If setting up WordPress yourself sounds intimidating, you’ll find most hosting providers now provide one-click installations through their control panels, though you’ll still need to learn how to backup your database. If even that sounds a bit much, you can take advantage of WordPress.com’s ready-to-go free hosting.

Once you’re up-and-running, you manage your WordPress site via the new Dashboard. This is slightly lighter than it was before, and adds contextual help and a few scattered rationalisations. If you’re an existing user who doesn’t want to tamper with an existing site, these are probably the only differences that you’ll notice after upgrading.

WordPress 3

If you’re creating a new site or want to rework an existing one, however, WordPress 3 has a lot more to offer. The biggest change is that, after a full five years, the default Kubrick theme has finally been put out to pasture. The replacement, Twenty Ten, is a vast improvement offering attractive, clean lines, easy readability, a large header image and simple layout. Basically it doesn’t look so “bloggy”.
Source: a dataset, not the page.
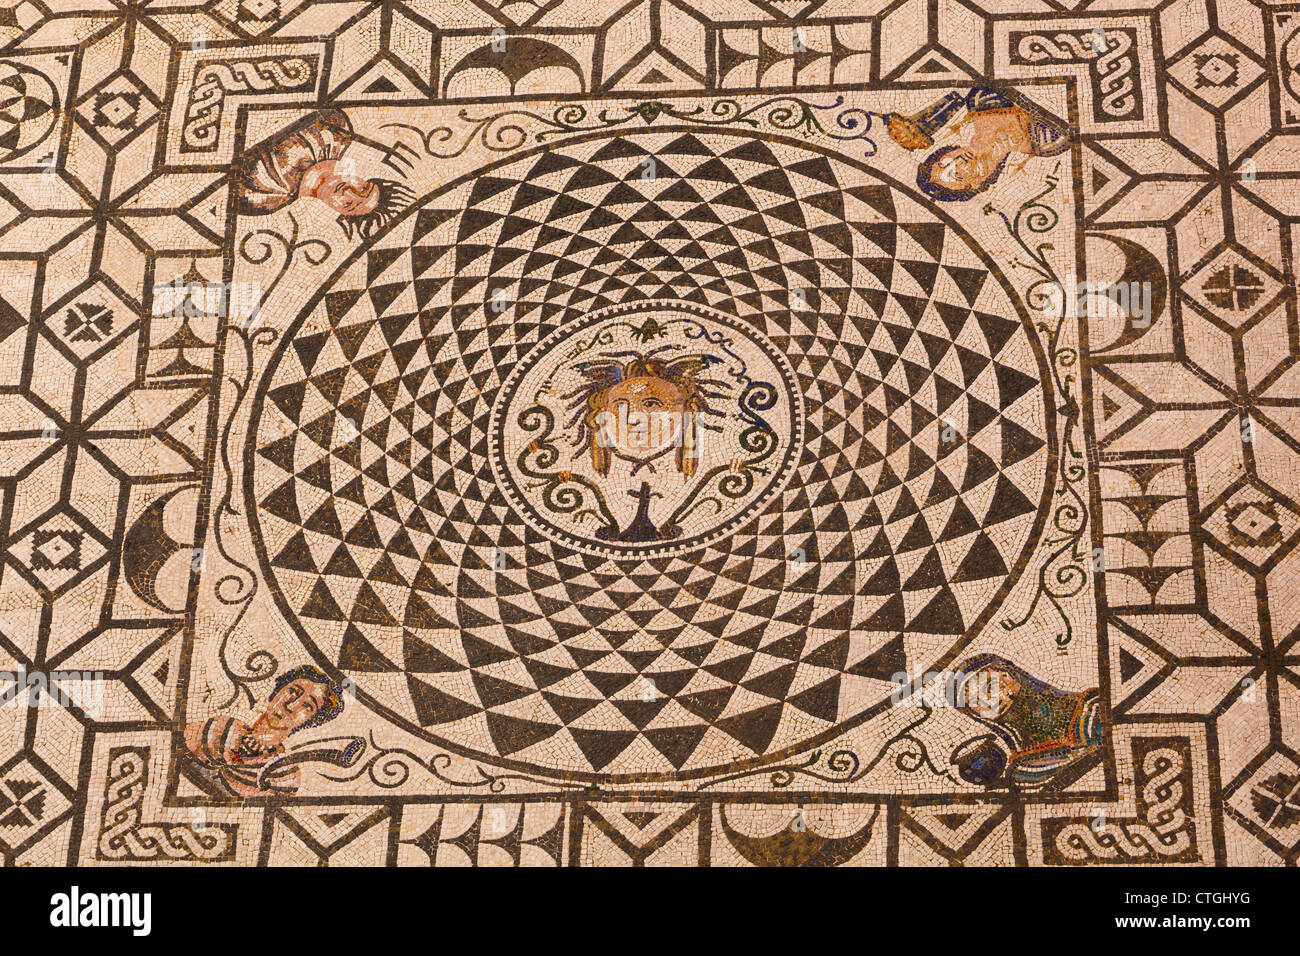 Carmona, Provinz Sevilla, Spanien. Römisches Mosaik von Medusa im Rathaus. Stockfoto

A number of new theme-based advances reinforce this. In particular new APIs for handling headers and backgrounds, it’s much easier for theme developers to enable end user customisation. In addition, WordPress 3’s new “child theme” handling makes it easier to change theme settings while maintaining manually-created CSS-based overrides.

One of the major criticisms of WordPress has been that all its sites look ugly and identical; now, with direct access to more powerful themes and easy customisability built right in to the Dashboard, the quality of end design should leap forward.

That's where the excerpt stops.